Base65536 is an "encoding" that tries to fit as much data as possible into a tweet. It works because Twitter's 140-character limit is defined over Unicode code points rather than actual ecoded bytes. So by picking an alphabet of thousands of Unicode characters, we can encode more than one byte per character. Base65535 is able to fit 255 bytes into just 128 code points.

BaseX works over any alphabet, including long ones. Which leads us to wonder, how long can a Twitter alphabet be? The largest encodable Unicode code point is 1,114,111 (U+10FFFF). However, Twitter does NFC Unicode normalization, so we have to be careful to avoid code points that don't have the NFC_Quick_Check property. We also need to avoid certain Unicode categories: the Control, Format, and Separator categories (because Twitter sometimes strips them) and the Surrogate category (because it's invalid in UTF8). What's left, if we didn't miss anything and until Twitter changes something, is 1,110,602 characters that can pass through a tweet unscathed. How many bytes can we encode with that, if we use a 140-character block?

```
B = floor( C * log_2(A) / 8 )
= floor( 140 * log_2(1110602) / 8 )
= 351
```

Here's a tweet encoding the first 351 bytes of lorem ipsum.

The BaseX payload is surrounded ('framed') by a header and footer. Rules for parsing them appear here.

- Collect input up to the first period. This is the header.
- Assert that the header matches the regex

We match against`[>\n\r\t ]*BEGIN[>\n\r\t ]+([a-zA-Z0-9]+)?[>\n\r\t ]+SALTPACK[>\n\r\t ]+(ENCRYPTED[>\n\r\t ]+MESSAGE)|(SIGNED[>\n\r\t ]+MESSAGE)|(DETACHED[>\n\r\t ]+SIGNATURE)[>\n\r\t ]*`

`>`

for compatibility with mail clients that use it for quoting. The optional word is an application name (like 'KEYBASE'). The last two words give the mode of the message. - Collect input up to the second period. This is the payload. If the implementation is streaming, it may decode the payload before the following steps.
- Collect input up to the third period. This is the footer.
- Assert that the footer matches the header, with
`END`

instead of`BEGIN`

.

We use periods to delimit the header and footer to make parsing easier.
Although we've been careful to avoid special characters in the payload, we're
not worried about these periods getting garbled (into `…`

for example), because
they only occur one at a time.

The payload is decoded as follows:

- Strip all characters that match the regex
`[>\n\r\t ]`

. - Chunk the characters into blocks of 43. The last block may be short.
- Decode each of these blocks with BaseX, using the 62-character alphabet
`0123456789ABCDEFGHIJKLMNOPQRSTUVWXYZabcdefghijklmnopqrstuvwxyz`

(all the digits and letters, in ASCII order).

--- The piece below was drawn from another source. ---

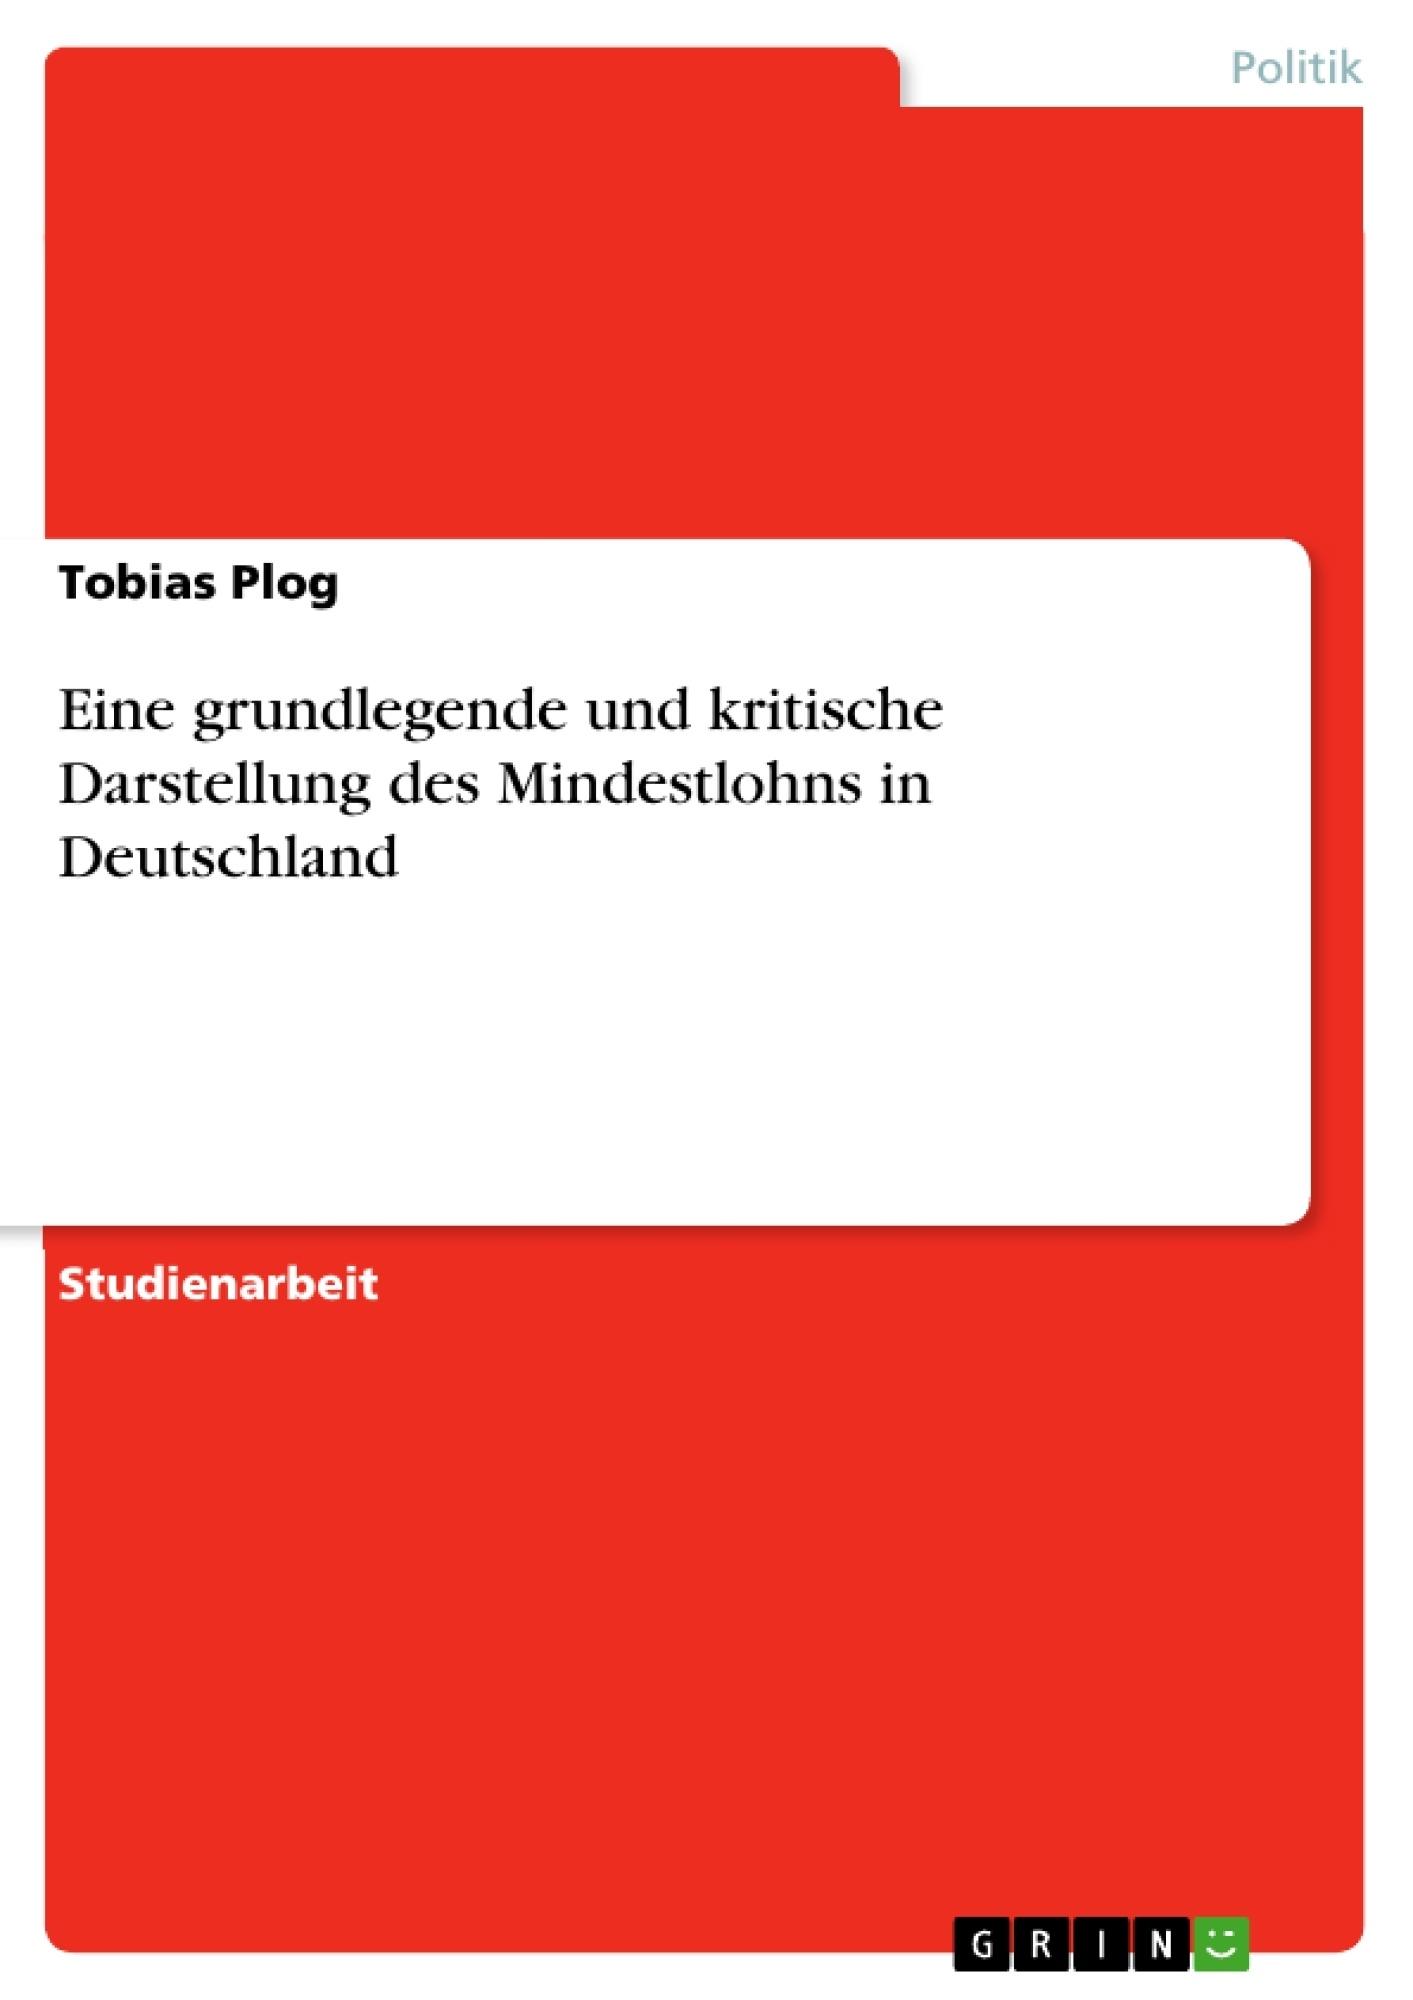 Titel: Eine grundlegende und kritische Darstellung des Mindestlohns in Deutschland
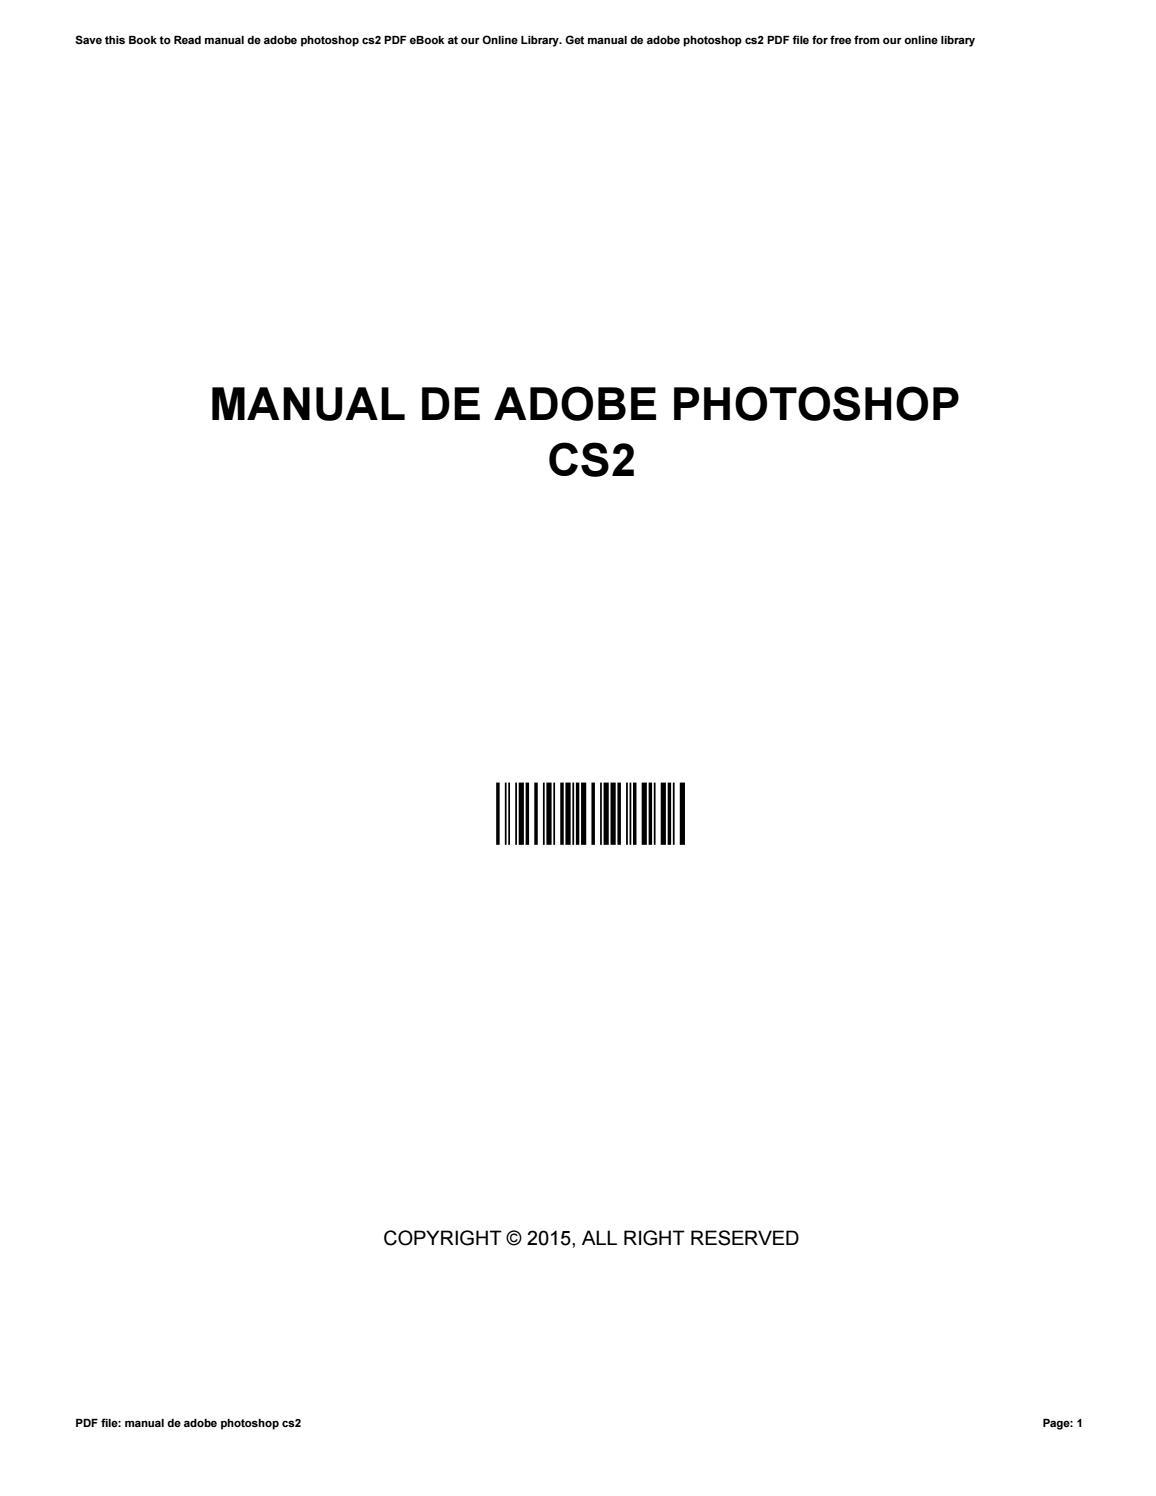 manual de adobe photoshop cs2 by lorenwinters3357 issuu rh issuu com manual photoshop cs2 manual adobe photoshop cs2 pdf

Since whitespace gets stripped, the encoder has some flexibility in formatting. Our encoder emits a space every 15 characters and a newline every 200 words. That's what felt nicest when we tested it in different terminals and messaging apps. Because the decoder doesn't rely on this spacing, we can change it in the future.

Note that the 15-character visible word boundaries are unrelated to the 43-character BaseX block boundaries. The visible words go away when we strip whitespace.